Snow in Wrexham town centre on Friday, 0845 GMT
Image caption Snow in Wrexham town centre on Friday, 0845 GMT

There are some difficult driving conditions in parts of Wales on Friday after snow made an anticipated short-lived return in parts of Wales.

About two inches of snow has fallen in Denbighshire, Flintshire and Wrexham.

Earlier heavy snow showers fell around the heads of the Valleys, Powys and parts of Monmouthshire.

More than 30 schools in Powys, parts of the south Wales valleys and north Wales have been closed.

Sub-zero temperatures were also reported overnight in parts of Powys and Denbighshire.

A band of sleet and snow was pushing up from south Wales after midnight but should give way to heavy rain after midday.

Flooding risk

Forecasters have warned the rain coupled with a thaw of the recent snowfall could lead to localised flooding.

But the weather will clear on Saturday, with warmer temperatures.

Some schools confirmed closures on Friday morning, in Powys, Blaenau Gwent, Monmouthshire, Merthyr, Torfaen, Wrexham, Conwy, Denbighshire and Flintshire.

The Met Office had warned of between 8 and 12cm (3-5in) in some areas, with snow heaviest in Powys and north of the M4.

On Friday morning people in Wrexham, Llangattock, near Crickhowell, and Gilewen and Abergavenny, Monmouthshire, reported that it was snowing heavily.

The Llangynidr mountain road between Crickhowell and Garnlydan had a thick layer of snow and was being used only by 4x4s.

The A525 in the Coedpoeth area of Wrexham was closed due an accident and the snowy weather conditions, with diversions in place

The A465 heads of valleys road between Hirwaun and Glynneath was also experiencing difficult driving conditions.

Heavy snow was also reported in Llangollen, Denbighshire, Llandrindod Wells, Powys, Caerphilly, Blaenffos, Pembrokeshire and Usk in Monmouthshire.

Snow was also causing problems on the B4333 and B4299 between Carmarthen and Newcastle Emlyn.

BBC Wales weather forecaster Derek Brockway said: "We're watching a deep area of low pressure currently out over the Atlantic but the worst of the snow should be over by midday.
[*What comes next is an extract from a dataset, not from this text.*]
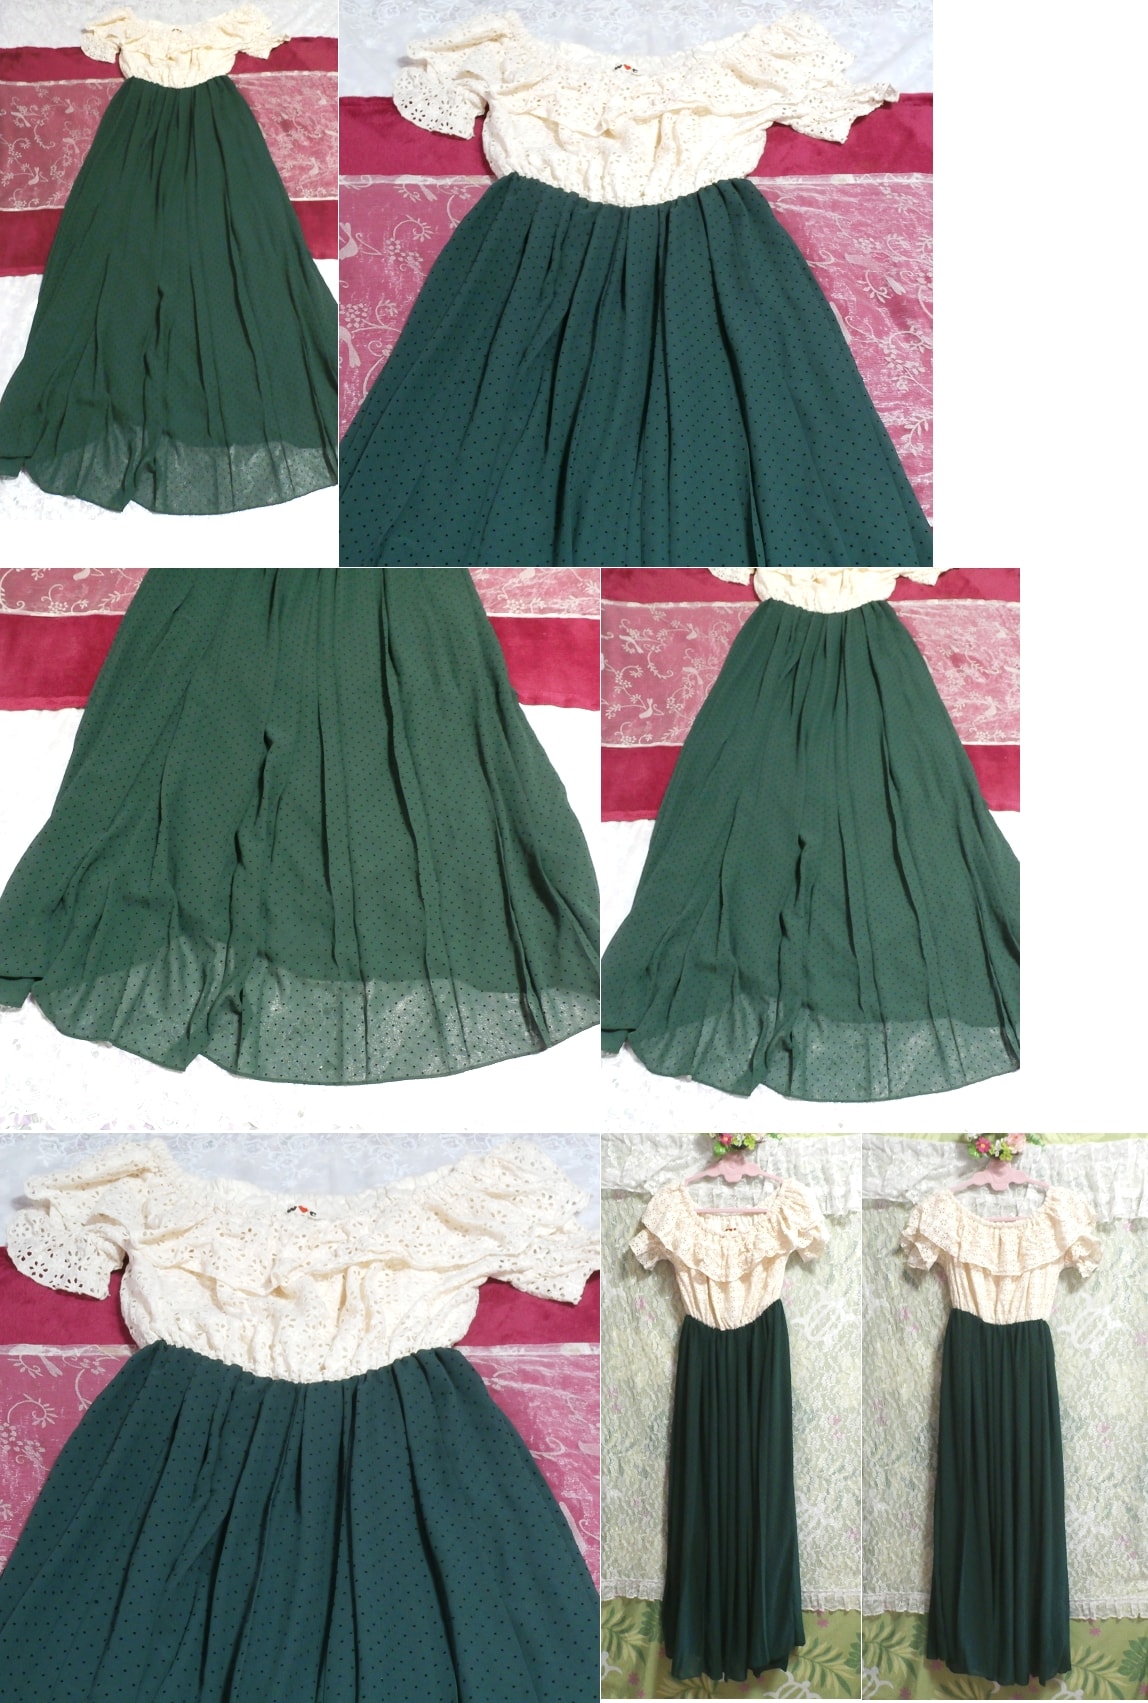 सफेद पुष्प सफेद लेस रोबे नाइटगाउन मैक्सी ड्रेस हरी शिफॉन स्कर्ट ड्रेस, लंबी लहंगा, मी आकार
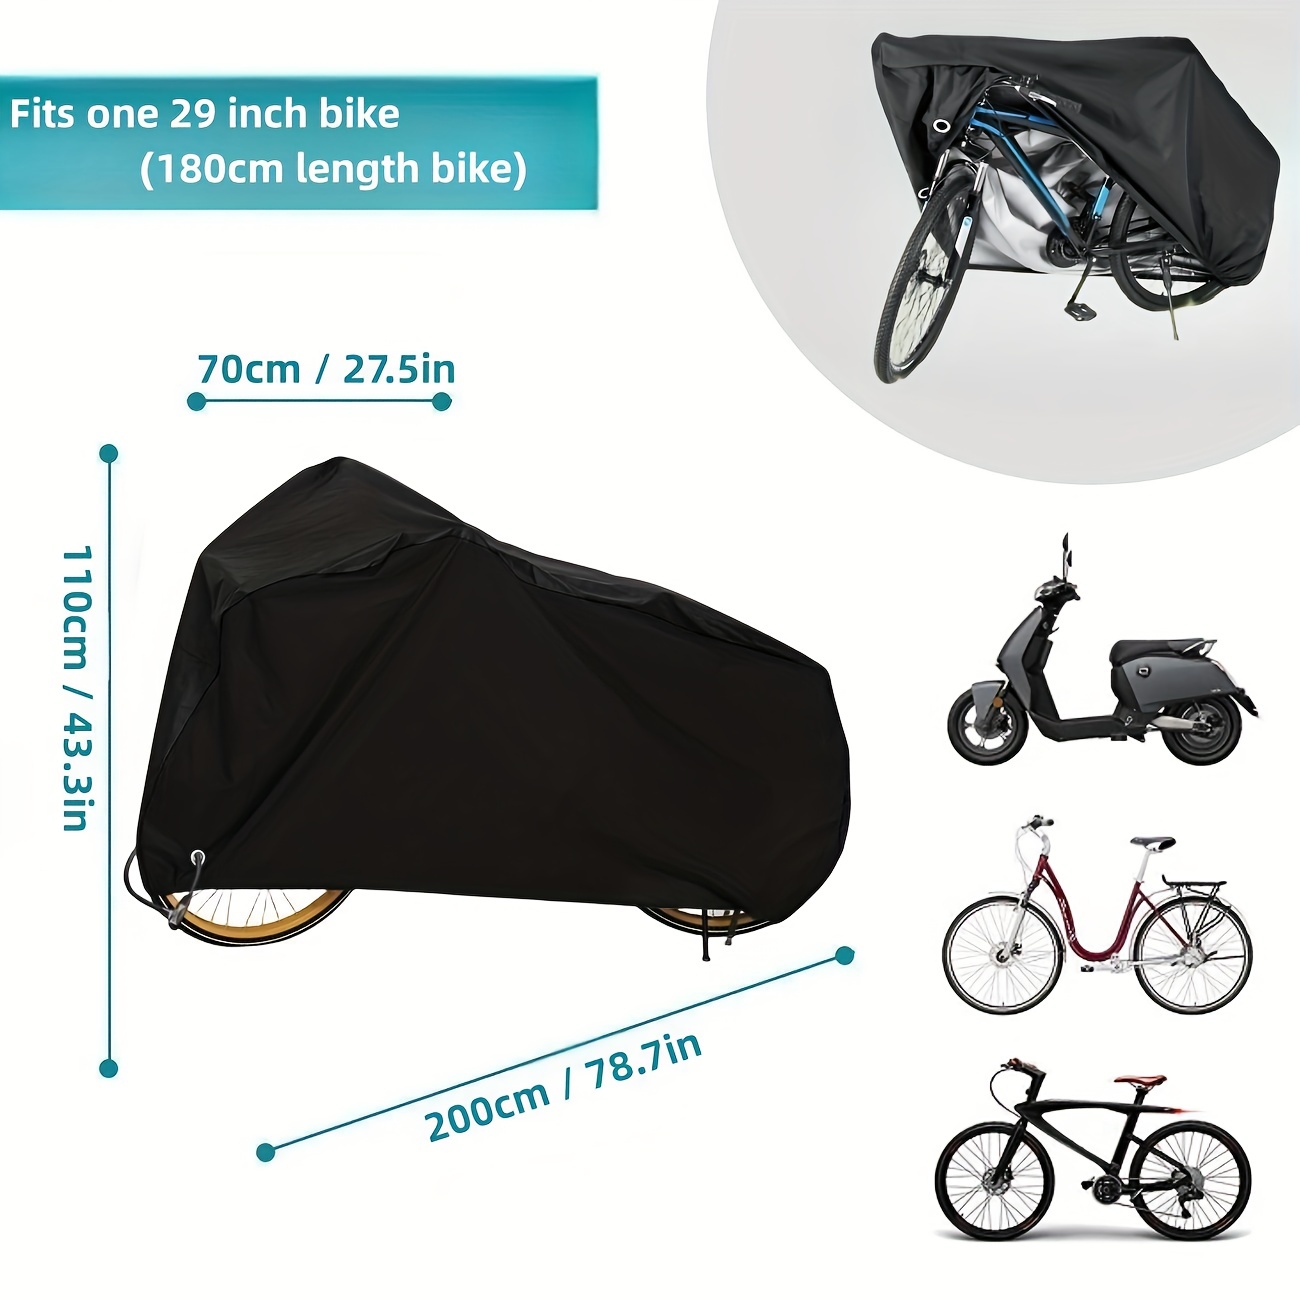  Szblnsm Funda de bicicleta para 1, 2 o 3 bicicletas al aire  libre, resistente material Ripstop 420D, ofrece una protección constante  para todo tipo de bicicletas durante las 4 estaciones

"It will then be followed by heavy rain washing away any snow but the showers, coupled with the recent thaw, could lead to localised flooding."

Heavy rain showers are expected to spread across the country throughout the afternoon with more expected at midnight on Friday.

However, Saturday presents a different picture, with much drier and brighter conditions and warmer temperatures.